The quoted Wikipedia definition seems to be wrong. White-box testing doesn't test internals etc. but uses knowledge of the implementation to determine inputs that are more likely to cause trouble than others. Best or worst case depending on your point of view would be me reading the source code, finding a bug, and writing a test that I know exhibits the bug and fails - a test that would have been impossible to create with black-box testing. – gnasher729 Jun 19 '17 at 11:20
@gnasher729: yes, but you surely wanted to address your comment to the OP, not to me. – Doc Brown Jun 19 '17 at 12:01
2

@Zippers Well, it doesn't matter much if the internal pointer is set wrong if the actual traversal of the list provides the right order. Assume my double-linked list looks like A-B-C with an interface with add/remove/next/previous functions. If I can call remove(B) while at A, then call next() and be at C, then call previous() and be at A, then the implementation details don't matter. The thing works, and tests exist to know that behavior functions, not to verify that the code hasn't changed one bit (like if we change nextPtr and prevPtr to a tuple ptrs=(next,prev), your test would break). – Delioth Jun 19 '17 at 19:16
I'm accepting this answer because it appears to be the most popular opinion among OO developers and its likely the answer they would expect a fledgling OO developer to receive. – Jun 21 '17 at 00:34
@DocBrown Generally speaking, the best designs using encapsulation (a fundamental part of the definition of OO) minimize the number of public APIs. This extends to both classes and assemblies (libraries). I.e., we try to minimize both the internal API between classes in an assembly, and the public API exposed by the assembly to other components in a program. This approach is fundamentally at odds with the TDD design technique whereby components must be tested before being developed. My own experience is with large TDD projects, all of which had poor design from an encapsulation perspective. – Frank Hileman Jun 26 '17 at 17:20
@FrankHileman: sure, but if I got you right, this has nothing to do with "whitebox tests being discouraged by OOP". With or without TDD, I think whitebox tests and OOP mix up perfectly, opposed to tests using private methods, but that is a different thing. – Doc Brown Jun 26 '17 at 19:23
@DocBrown Yes, I had assumed that "whitebox" was a mistake, and the reference was to a lack of encapsulation. Whitebox simply means knowledge, whereas encapsulation means limited access. – Frank Hileman Jun 26 '17 at 23:35

score 0 · Answer 2 · 2017-06-19T22:34:52.197

0

I think whats going on here is a difference of perspective: Do you view classes as the smallest unit or functions? I'm going to deconstruct my question from the perspective of someone who views classes as the smallest unit:

[The] ideal unit test ... is about taking input and asserting output for a single unit of functionality. Having to call public methods A, B, C, D, E, and F just to test method G is a borderline integration test.
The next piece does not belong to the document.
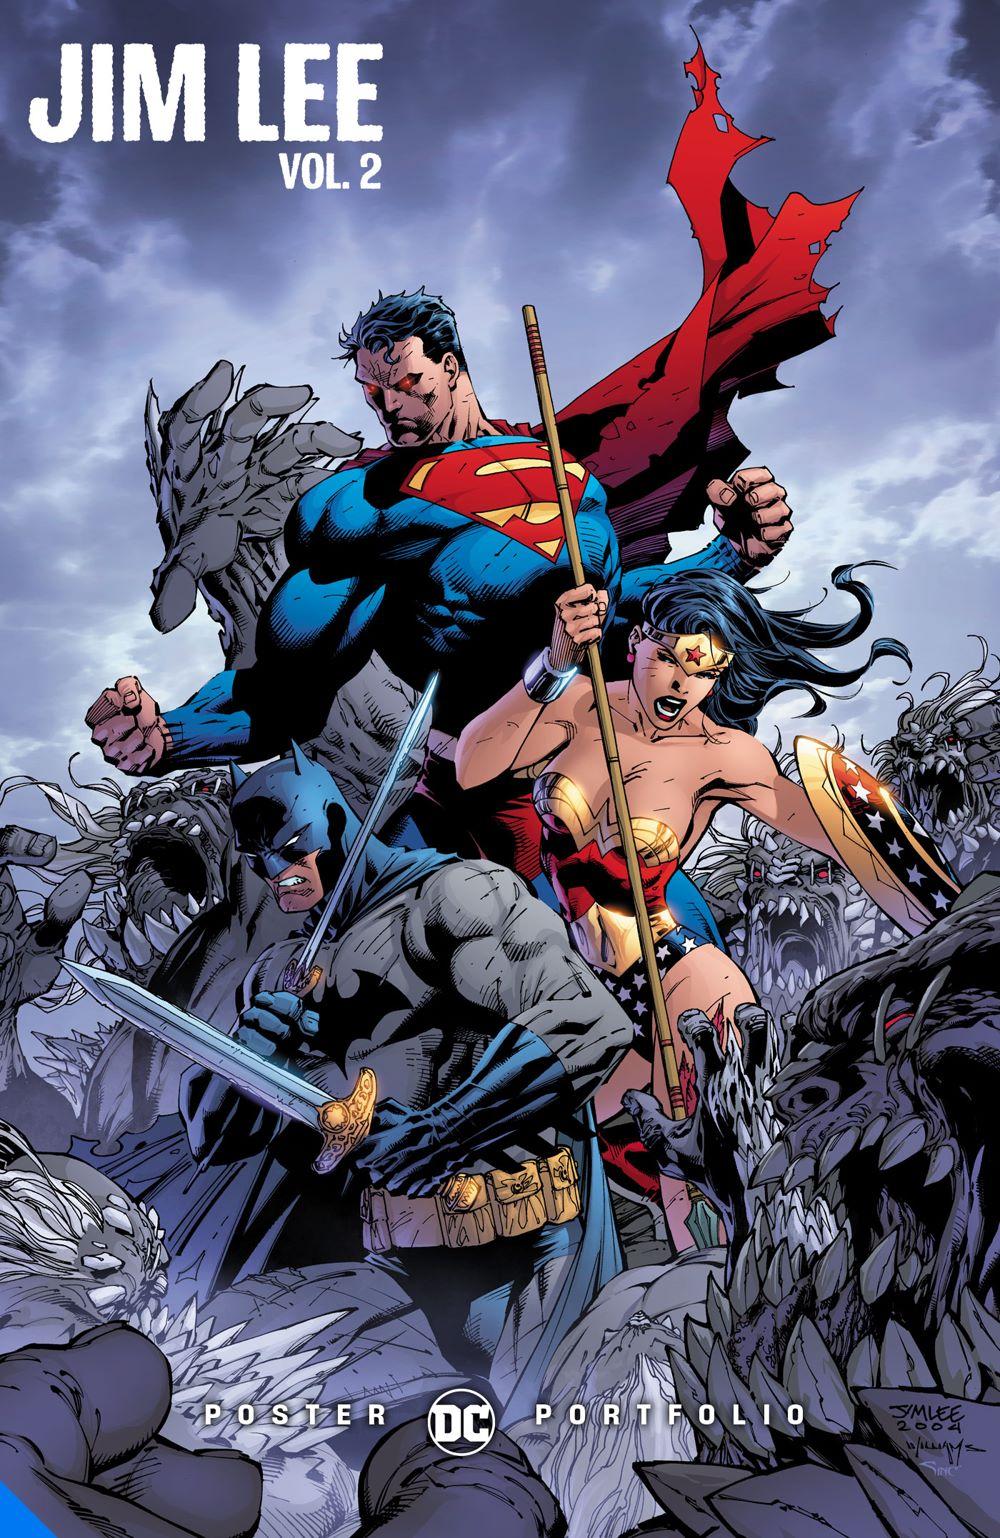 dcposterportfoliojimlee-vol2_adv DC Comics July 2021 Solicitations

This makes no sense because the class is the smallest unit, therefore calling multiple methods isn't an issue because it tests the unit as a whole.

[It] can potentially create false positives (since the data itself is never validated).

Its not about data confidence its about the interface and if it appears to behave correctly.

Isolating the failure of the test during maintenance is more difficult.

If a test fails then it doesn't matter which method induced the failure because the unit as a whole is broken. Difficulty finding the root cause is accepted because the result fixes the unit as a whole.

If you wanted to test the removeElement method on a LinkedList class you'd need to call addElement, then removeElement, and lastly containsElement to assert the element was removed. This is brittle because if addElement or containsElement broke, then the test will fail even if the implementation of removeElement is correct.

Its not about a method failing, its about the class as a whole failing. Testing a specific method in isolation doesn't make sense. Its best to test the class as a whole through workflow or requirement tests.

Now I'll state the perspective of someone viewing functions as the smallest unit. I think I described it best in edit #2 (I've modified the wording slightly):

A class is a design pattern: "construct", "consume", and "destruct" which is no different than fopen, fread/fwrite/fseek, and fclose in C. Regardless of whether there is an implicit self parameter, definitions are placed in a namespace, or you call it private, public, or protected everything is data and data transformations at the end of the day.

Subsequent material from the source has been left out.